Take the line with "Valentine Gift Ideas" as the first and the last line of the data as the end. Write out both and every line between exactly, except pictures.

-- Input data follows --

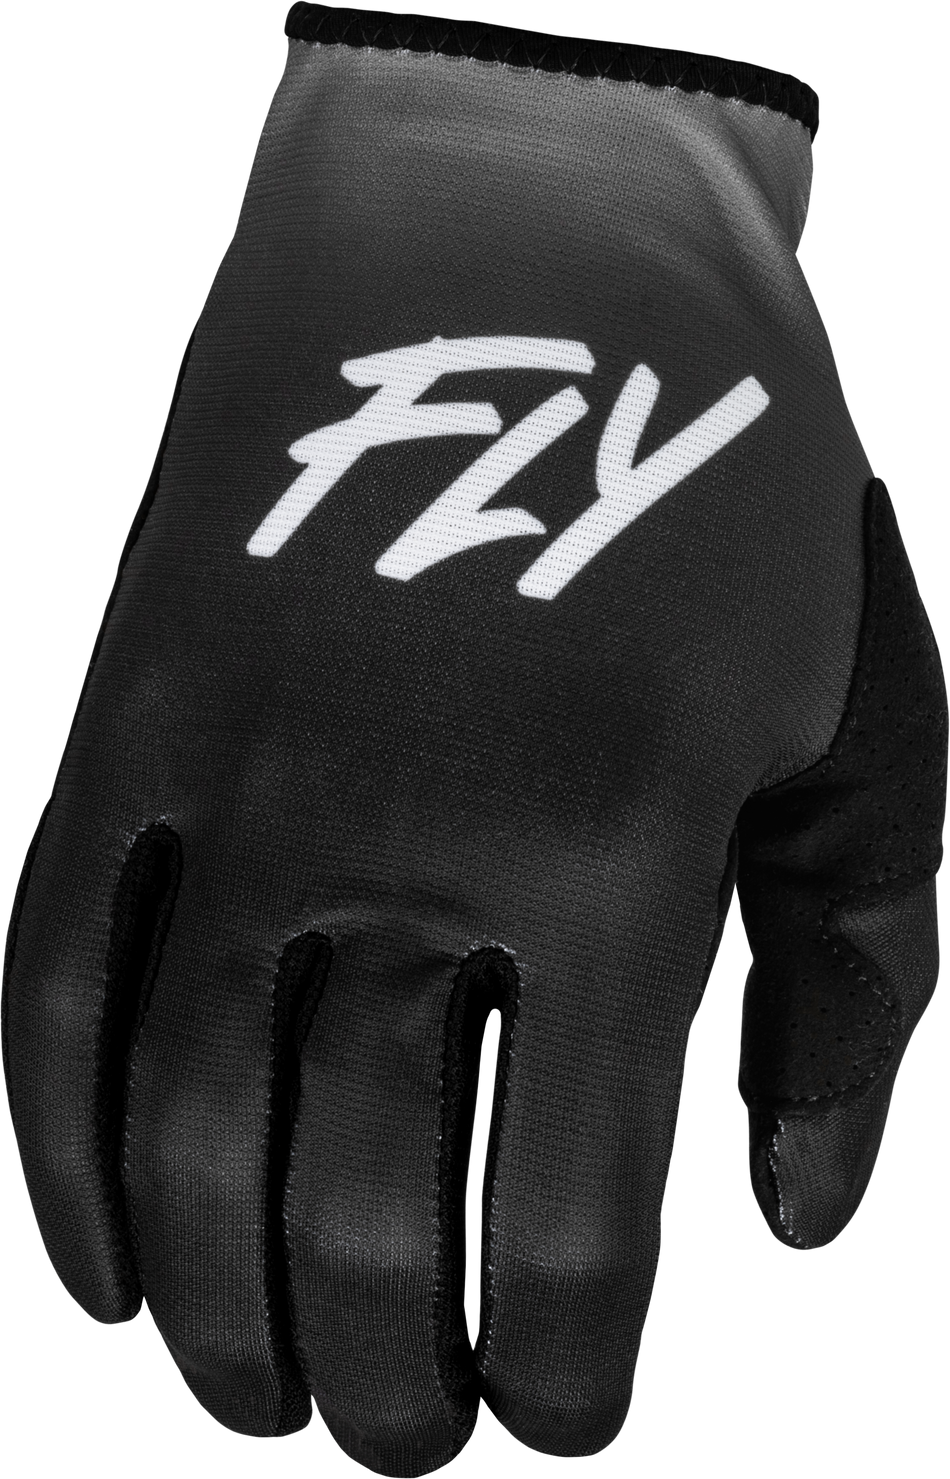 FLY RACING Youth Lite Gloves Grey/Black Yl 376-611YL
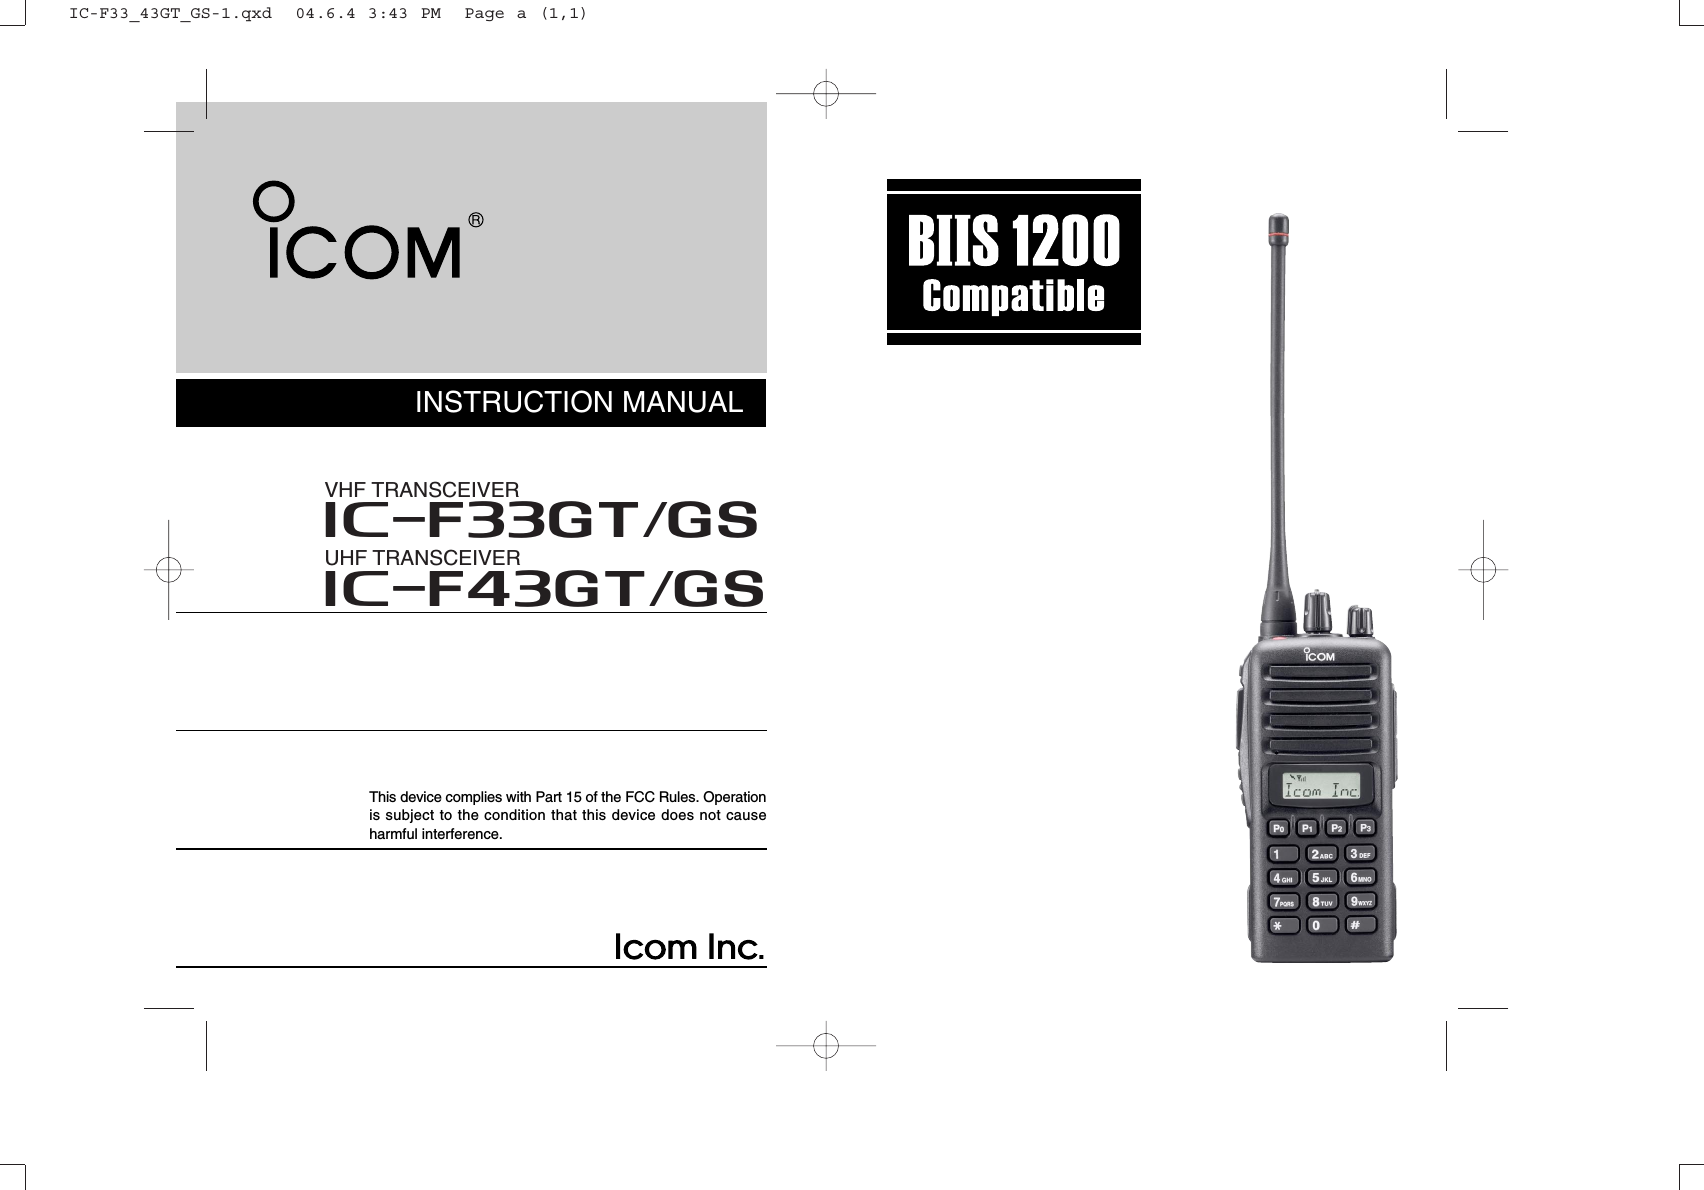 INSTRUCTION MANUALThis device complies with Part 15 of the FCC Rules. Operationis subject to the condition that this device does not causeharmful interference.iF43GT/GSUHF TRANSCEIVERiF33GT/GSVHF TRANSCEIVERIC-F33_43GT_GS-1.qxd  04.6.4 3:43 PM  Page a (1,1)
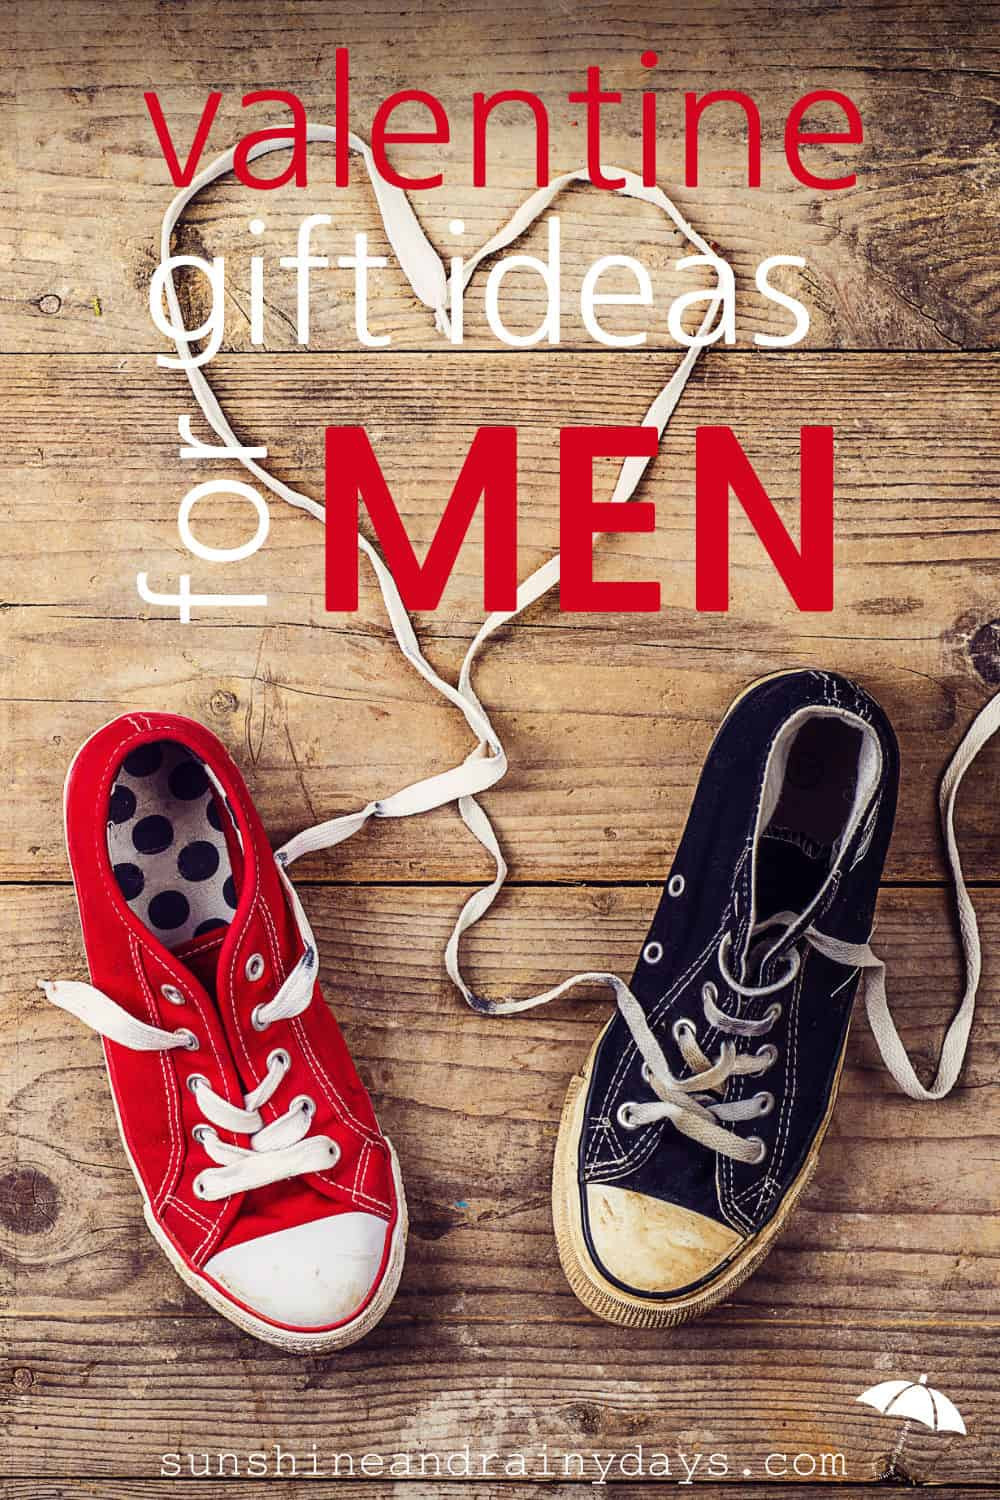 Guy Gift Ideas For Valentines Day
 Valentine Gift Ideas For Men Sunshine and Rainy Days
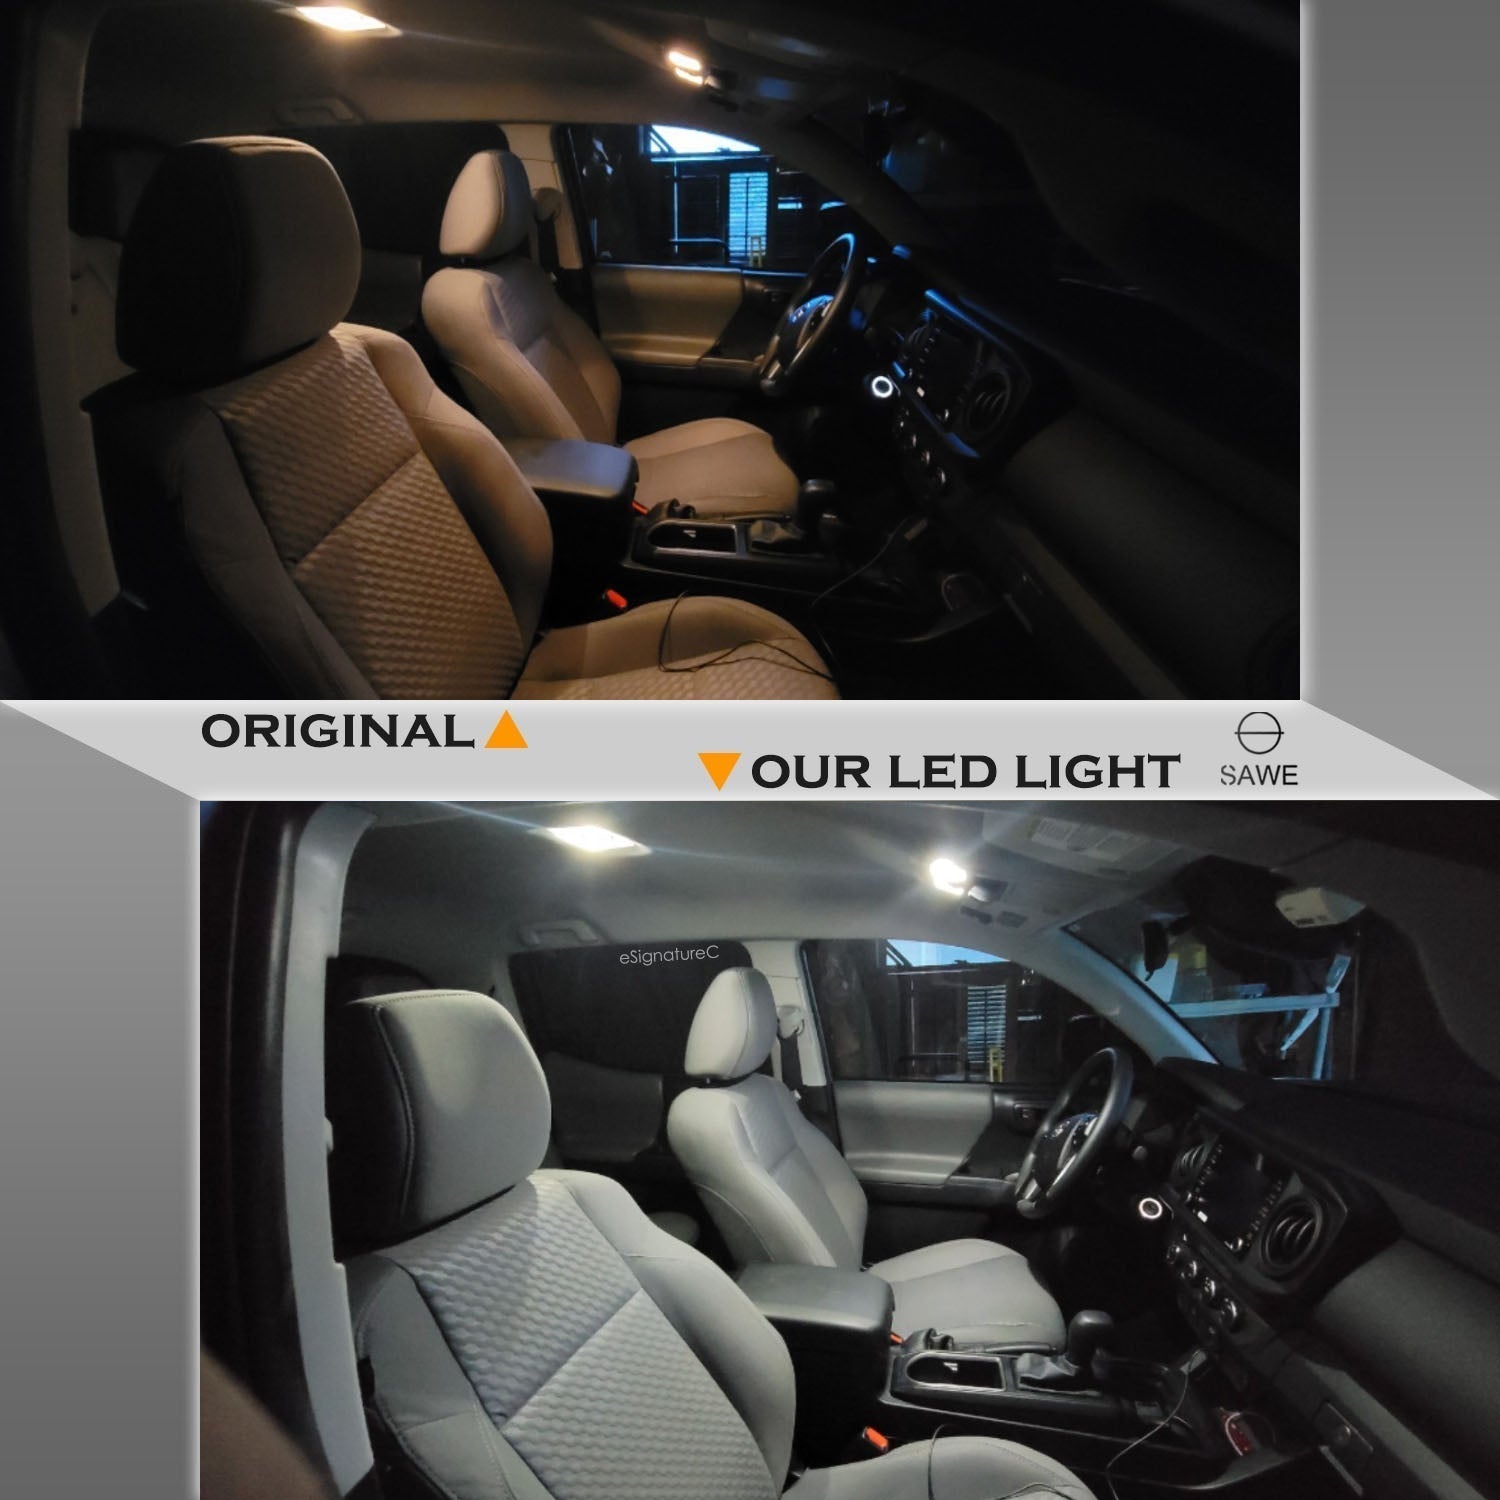 For Audi A6 S6 Interior LED Lights - Dome & Map Light Bulb Package Kit for 2012 - 2015 - White

-- Input data concluded --

Reply to the task →
 Valentine Gift Ideas For Men Sunshine and Rainy Days
 For Audi A6 S6 Interior LED Lights - Dome & Map Light Bulb Package Kit for 2012 - 2015 - White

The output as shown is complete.